Many studies have retrospectively examined high environmental temperature and mortality. This research has largely focused on estimating excess deaths from all-cause mortality and on the statistical identification of a single threshold temperature above which deaths increase (e.g., Hajat and Kosatsky 2010; McMichael et al. 2008). Importantly, the temperature thresholds identified in such studies have been proposed as a basis for the activation of heat-health warning systems and other public health interventions (e.g., Henderson and Kosatsky 2012; Pascal et al. 2006). Other applications of retrospective analyses include assessment of the potential future health effects of local-, regional-, or global-scale climate change (e.g., Huang et al. 2011).

A related and rapidly accumulating body of research assesses the relationship between high temperature and health events other than mortality: hospital admissions and emergency department (ED) visits (Hess et al. 2014; reviews by Kravchenko et al. 2013; Martiello and Giacchi 2010; Ye et al. 2012), hospital admissions among patients seen in the ED (Pillai et al. 2014), ambulance/emergency response calls (Alessandrini et al. 2011; Hartz et al. 2013; Nitschke et al. 2011; Schaffer et al. 2012; Williams et al. 2012a, 2012b), teleradiology calls (Brunetti et al. 2014), and outpatient visits (Pudpong and Hajat 2011).
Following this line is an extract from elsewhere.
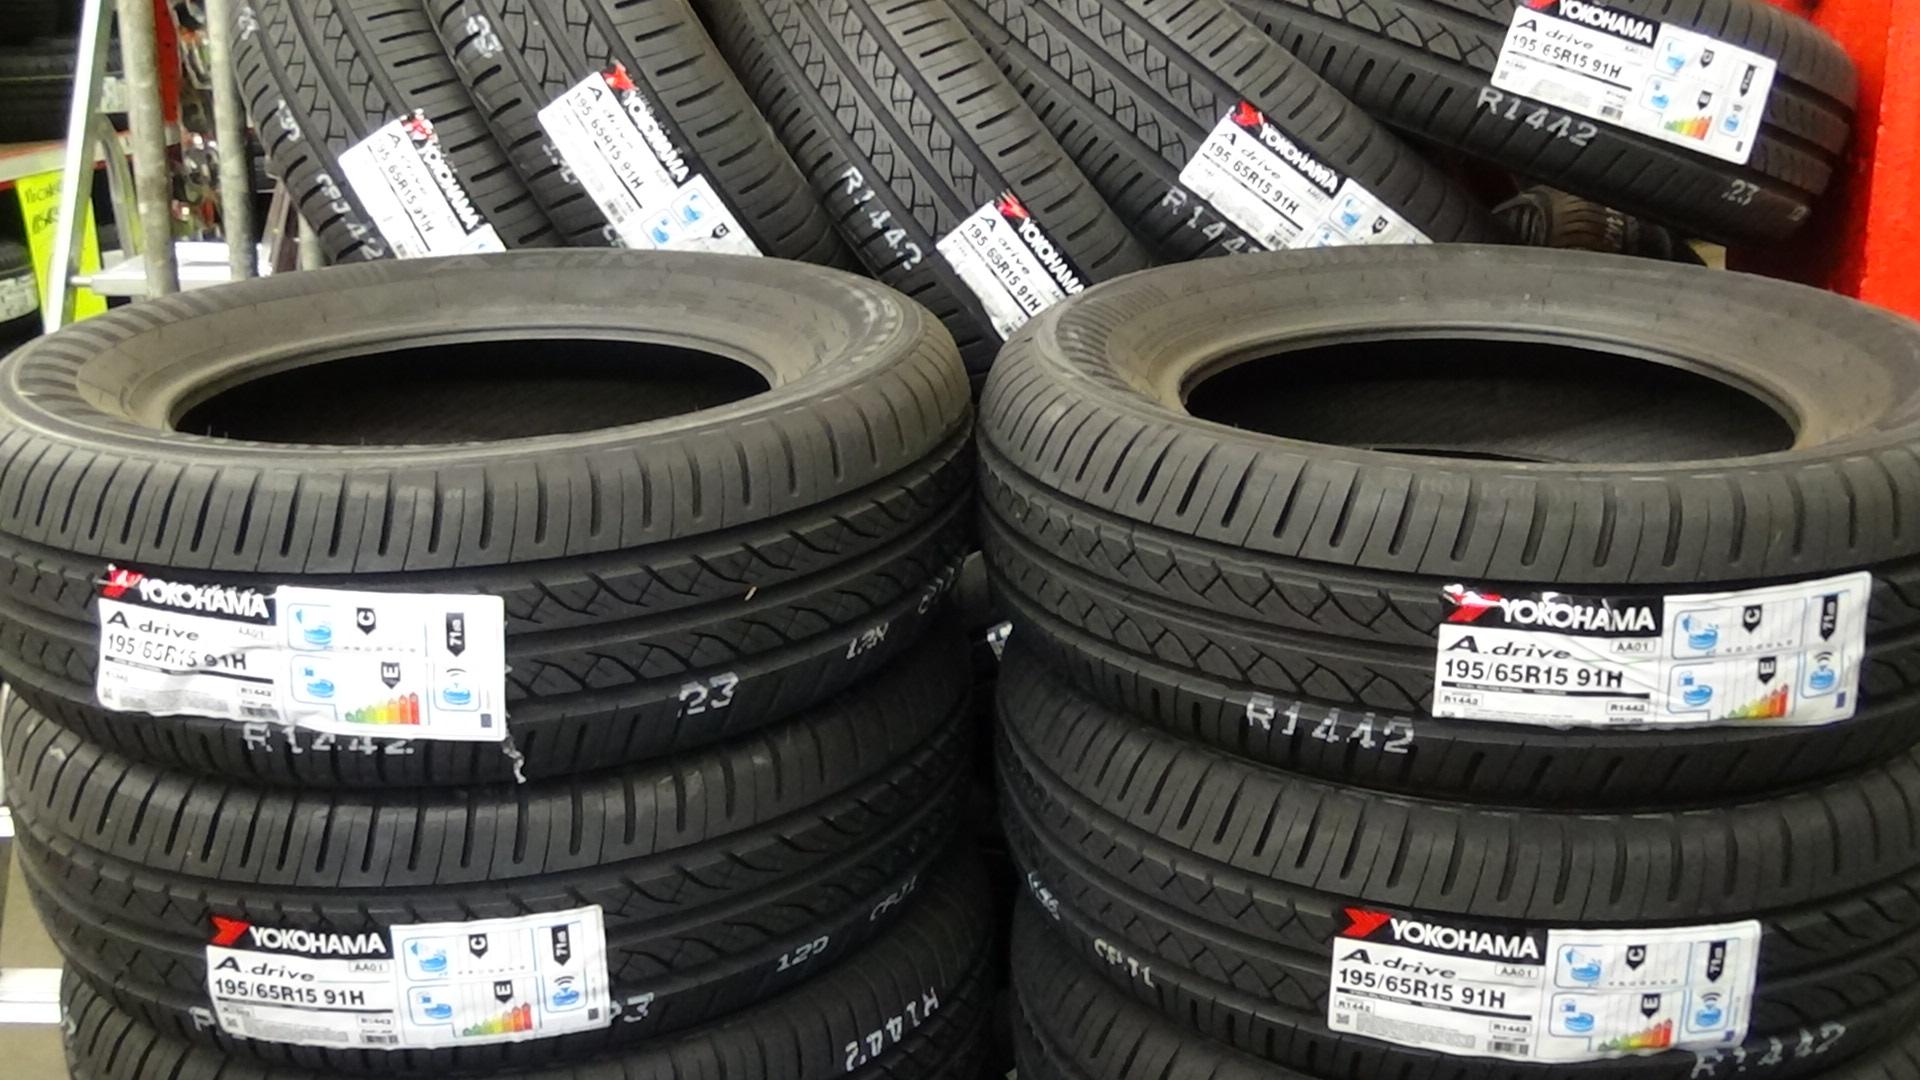 3ème Arrivage de pneus Yokohama dans nos magasins !

However, only a few studies have considered more than one measure of health effects associated with heat, for a single geographic region, at the same time (e.g., Kovats et al. 2004; Williams et al. 2012a, 2012b).
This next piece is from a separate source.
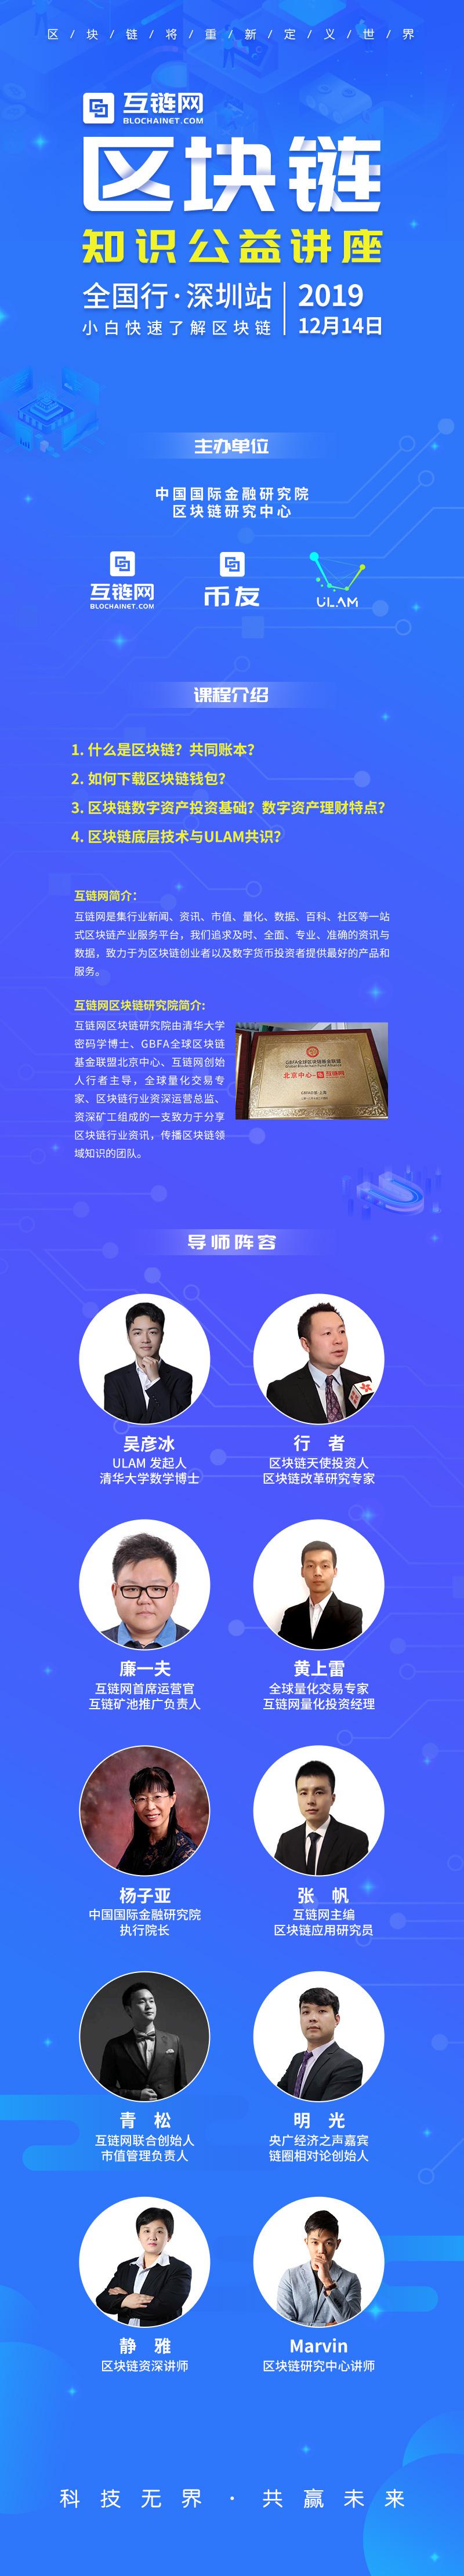 深圳无二维码.jpg

The fact that extreme heat persists as a public health challenge (Berko et al. 2014) despite compelling evidence for its adverse effects on health calls for new approaches toward preparedness and intervention strategies. Here, we propose that it is possible to better understand and mitigate the current and future risks posed by high temperatures with adaptation strategies based on comprehensive and contextualized weather information spanning a range of health outcomes associated directly and indirectly with heat.
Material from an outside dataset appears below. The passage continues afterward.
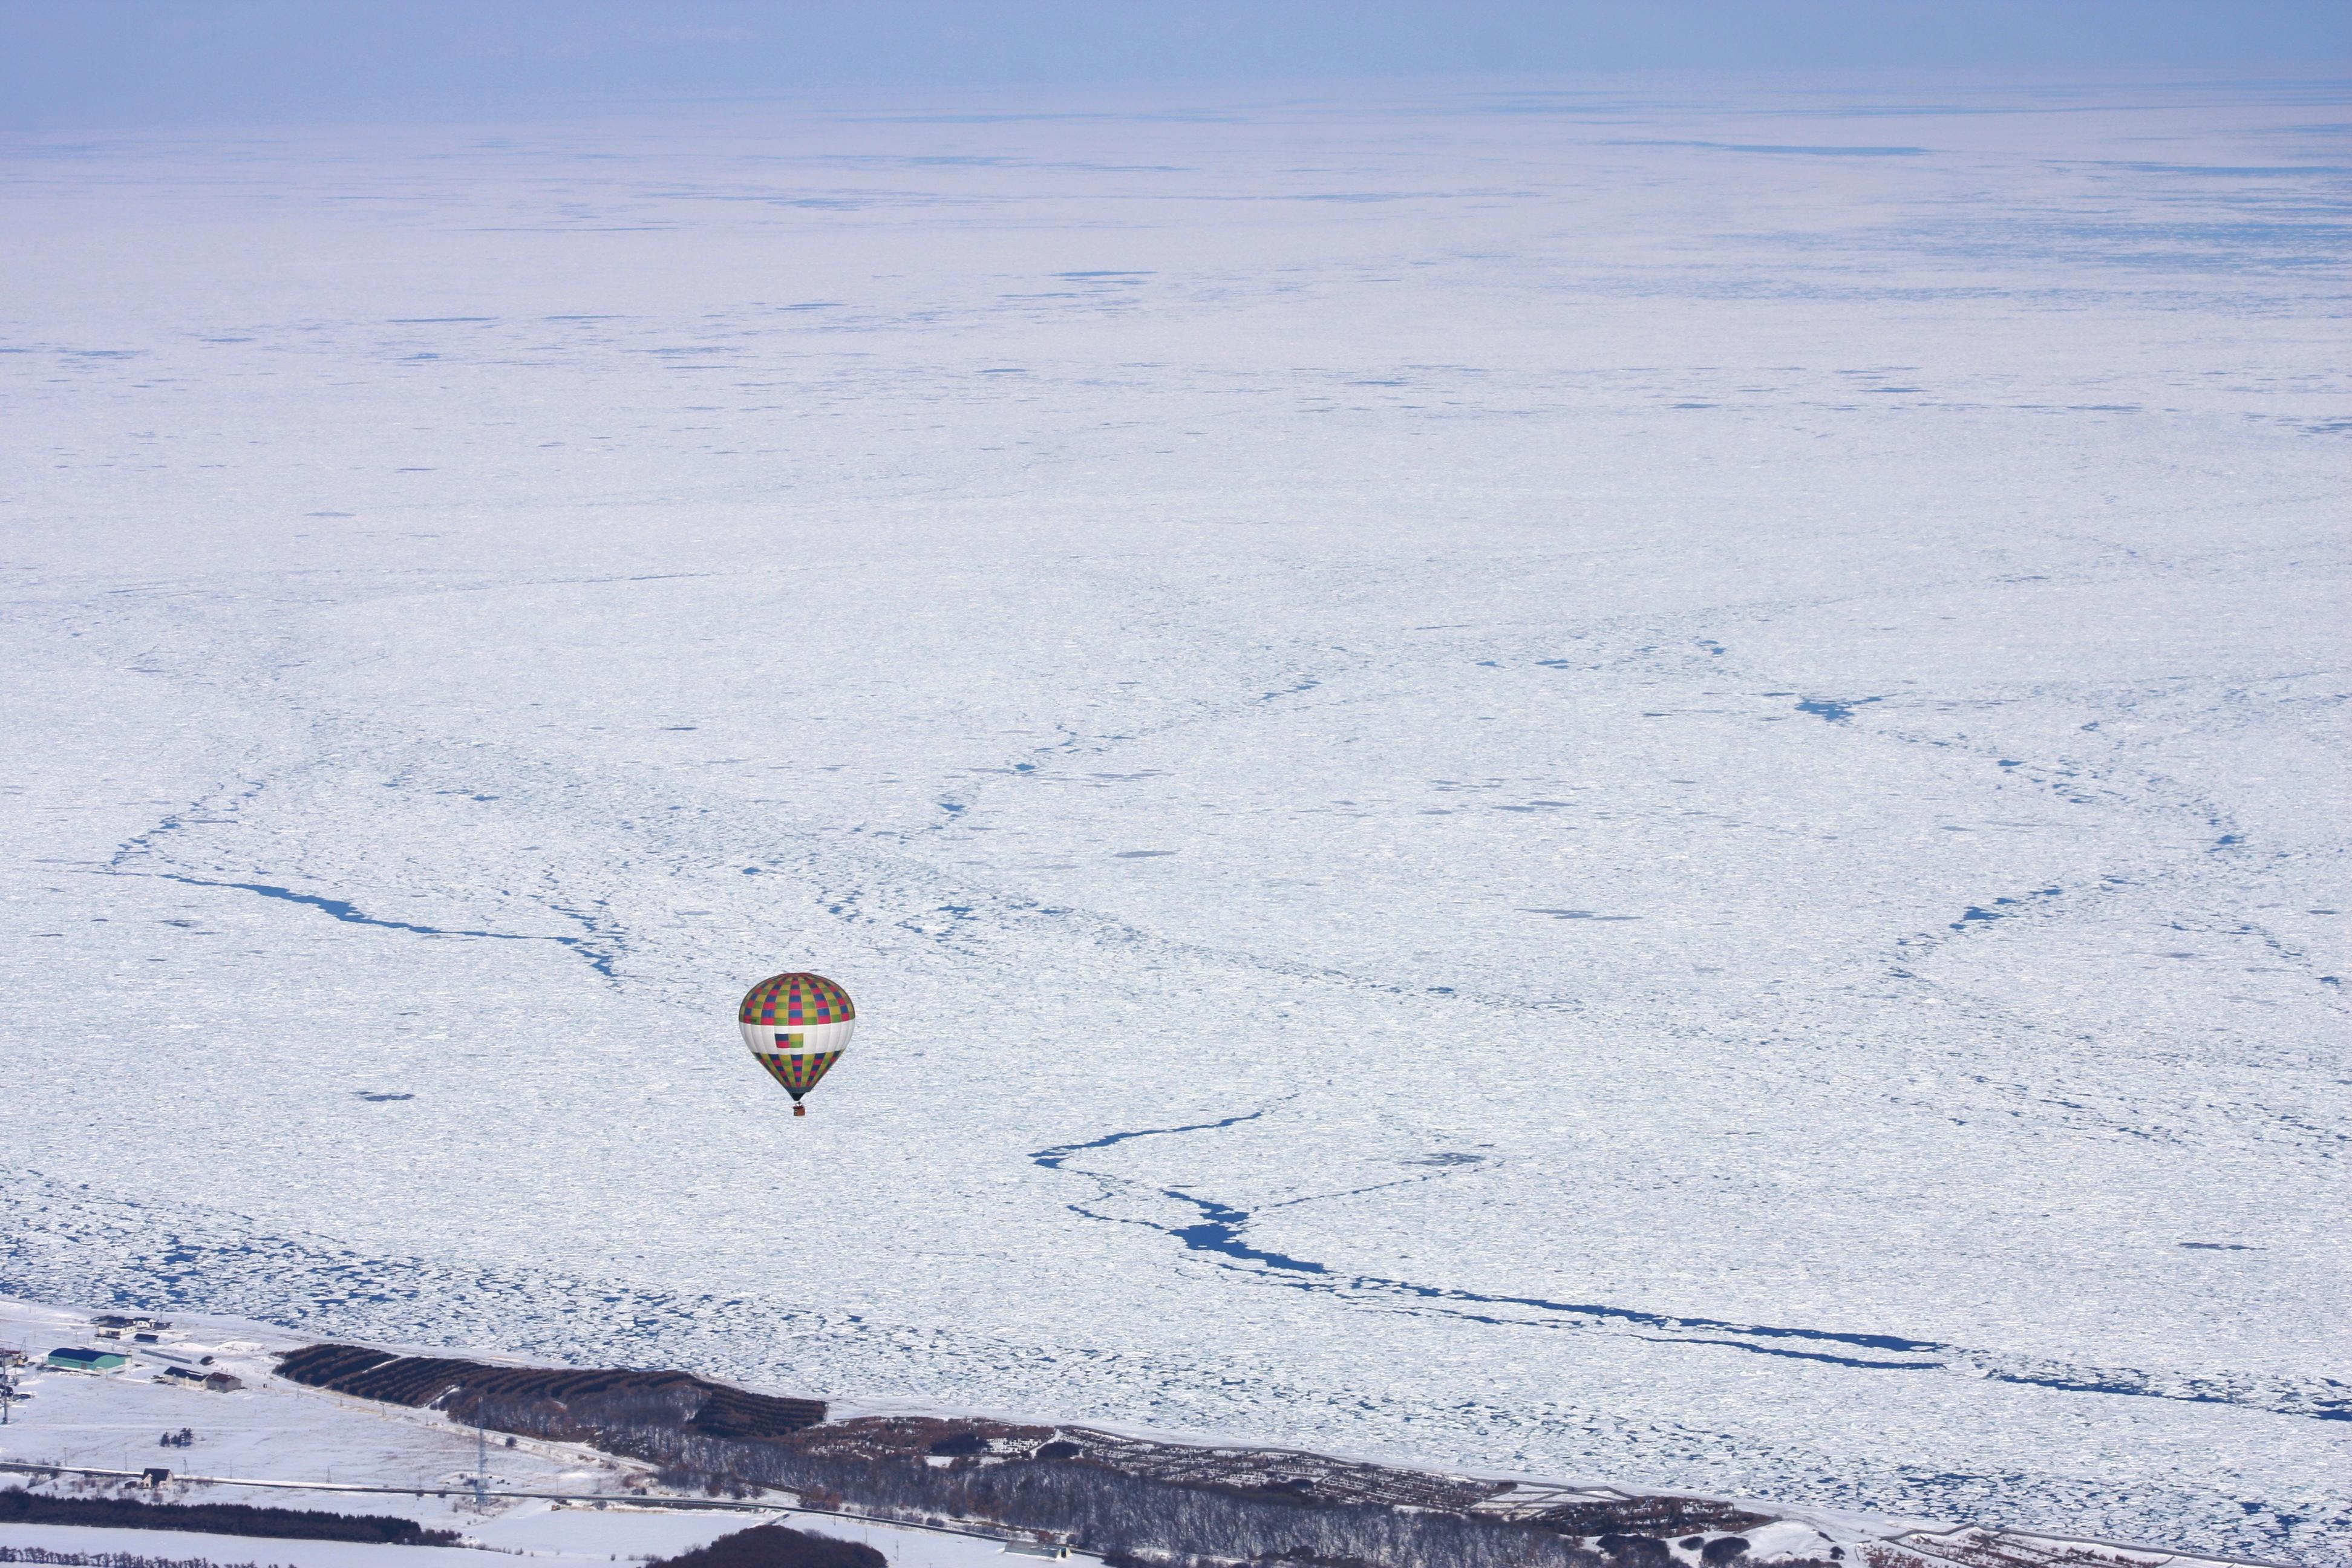 熱気球フリーフライト8

Opportunities for improving public health strategies aimed at mitigating the effects of heat on health may lie at the intersection of many of the ideas and methodologies that have been brought forward to date. For example, functional forms of heat-health relationships are dependent on the local setting (Anderson and Bell 2009; Curriero et al. 2002). In addition, the relationship between temperature and mortality and morbidity may have different functional forms within a given location (Kovats et al. 2004). Intervention strategies aimed at particular populations (e.g., outdoor workers vs. elderly residents) would be most effective if they considered the diagnosis and severity of health events that are most relevant for that population. Furthermore, various definitions of temperature thresholds are employed in the literature, some of which are brought forward with little more than generalities about the purpose of identifying such metrics. The suite of different conceptualizations of "thresholds" for heat-related health effects proposed thus far (e.g., Davis et al. 2003; Li et al. 2013; Pascal et al. 2006) offers considerable variability in terms of utility for heat-health adaptation strategies.

The aim of this study was to systematically identify the meteorological conditions under which there might be reasons to enact heat-health interventions based on empirical relationships between hot weather and illness or death. Our concern was that an opportunity to mitigate a large portion of adverse health outcomes associated with heat may be lost if the activation of preventive measures for heat-related illness and death is keyed to temperatures at which all-cause mortality statistically exceeds a seasonal baseline. In hot climates such as the one that characterizes Maricopa County, Arizona, health events associated with heat exposure may begin to occur well before a statistical threshold temperature for all-cause mortality is crossed (Harlan et al. 2014). Moreover, there are a suite of health events and diagnoses associated with heat that may respond differently to ambient conditions. Hence, our approach moves beyond the use of a single threshold by considering multiple different temperatures (henceforth referred to as trigger points) to characterize the complex relationship between heat and health.